Today marks a stark reminder of yet another collective failure of the international community in stopping the destruction of a people.

Eighteen years ago today during a five day massacre, over 8,000 Bosnian Muslims were slaughtered in Srebrenica.

Under General Ratko Mladic, the Serbian Army had entered what was declared a safe zone and swore revenge:

"Today, on the 11th of July 1995, we are here in the Serbian town Srebrenica on the eve of a glorious day. We present this town as a gift to Serbian people. Finally, after the riots it’s time to take our revenge on the Turks in these lands."
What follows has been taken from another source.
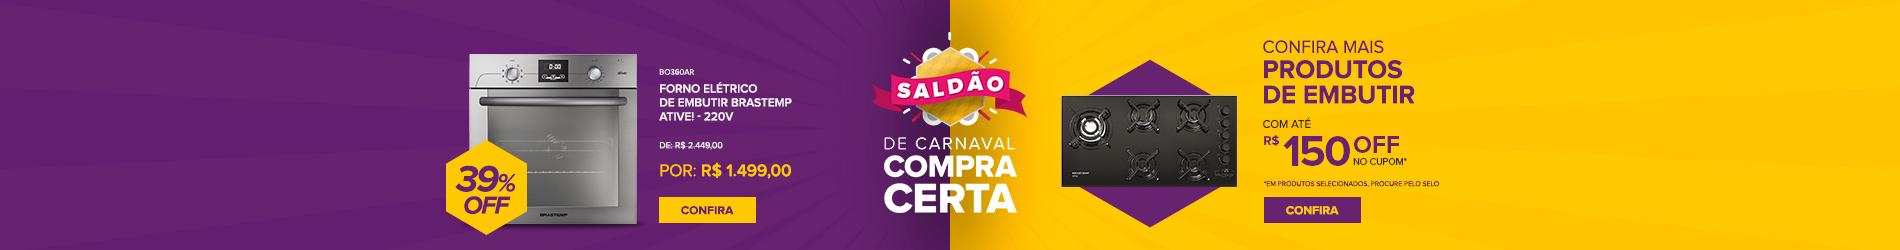 Promoção Interna - 2253 - saldao-carnaval_BO360A-cupomembutir-duplo_14022018_home3 - BO360A-cupomembutir-duplo - 3

Twelve years later, in 2007, the International Court of Justice held that the massacres of Srebrenica was a genocide, yet also decided that Serbia could not be held responsible. Even the Serbian leader Slobodan Milosevic, who is arguably mostly responsible for the incidents in Bosnian War, stayed in power until 2001. However, the albeit delayed, capture of war criminal Ratko Mladic, being tried for not only the atrocities of killing civilians, but mass extermination, sexual assault and systematic rape, torture and ill-treatment, murder, creating terror, and hostage taking resulted in some respite for the victims families.

During the Bosnian War, the Srebrenica massacre and even afterwards, there was a distinct failure to ensure the accountability of those responsible for the genocide.

As history continues to remark, "We must not forget" and "Never again", it seems that the international community continue to fail to intervene to protect innocent lives. Further, so many are still even afraid to use the 'G' word, despite clear definitions beings set out in international law and in the very real and horrific tragedies of the 20th and 21st century.

December 9th 1948, the United Nations adopted the Convention on the Prevention and Punishment of the Crime of Genocide. Despite it being heralded as the first distinct milestone on the road to international protection of human rights, how many crimes against a people have we witnessed, and why?

As in Srebrenica, the soft and impotent interventions of the international governments and the UN have lead to to the Rohingya in Arakan, Myanmar spending yet another Ramadan without food, water, shelter or medical aid, marking a year since the outbreak of conflict and subsequent reign of terror from June 2012.

Under the definitions of the CPPCG, a genocide against the Rohingya of Myanmar is continuing to be allowed to happen.

A shocking move to ease EU and US sanctions on Myanmar combined with the awarding of Myanmar’s President Thein Sein with a Peace Award and his apparently welcome visit to Britain and France this weekend begs us to ask if we have really learnt anything from Srebrenica at all.

The UN initiative of Responsibility to Protect maintains that a state has a responsibility to protect its population from genocide, war crimes, crimes against humanity, and ethnic cleansing and furthermore the international community has a responsibility to assist the state to fulfil its primary responsibility. The third pillar of R2P maintains that where peaceful measure have failed, the international community has the responsibility to intervene through coercive measures such as economic sanctions.

Yet, if anything, the past few months have been counteractive to all of this.

Despite the steps taken to prevent international crimes, political and economic agendas will continue to take precedence.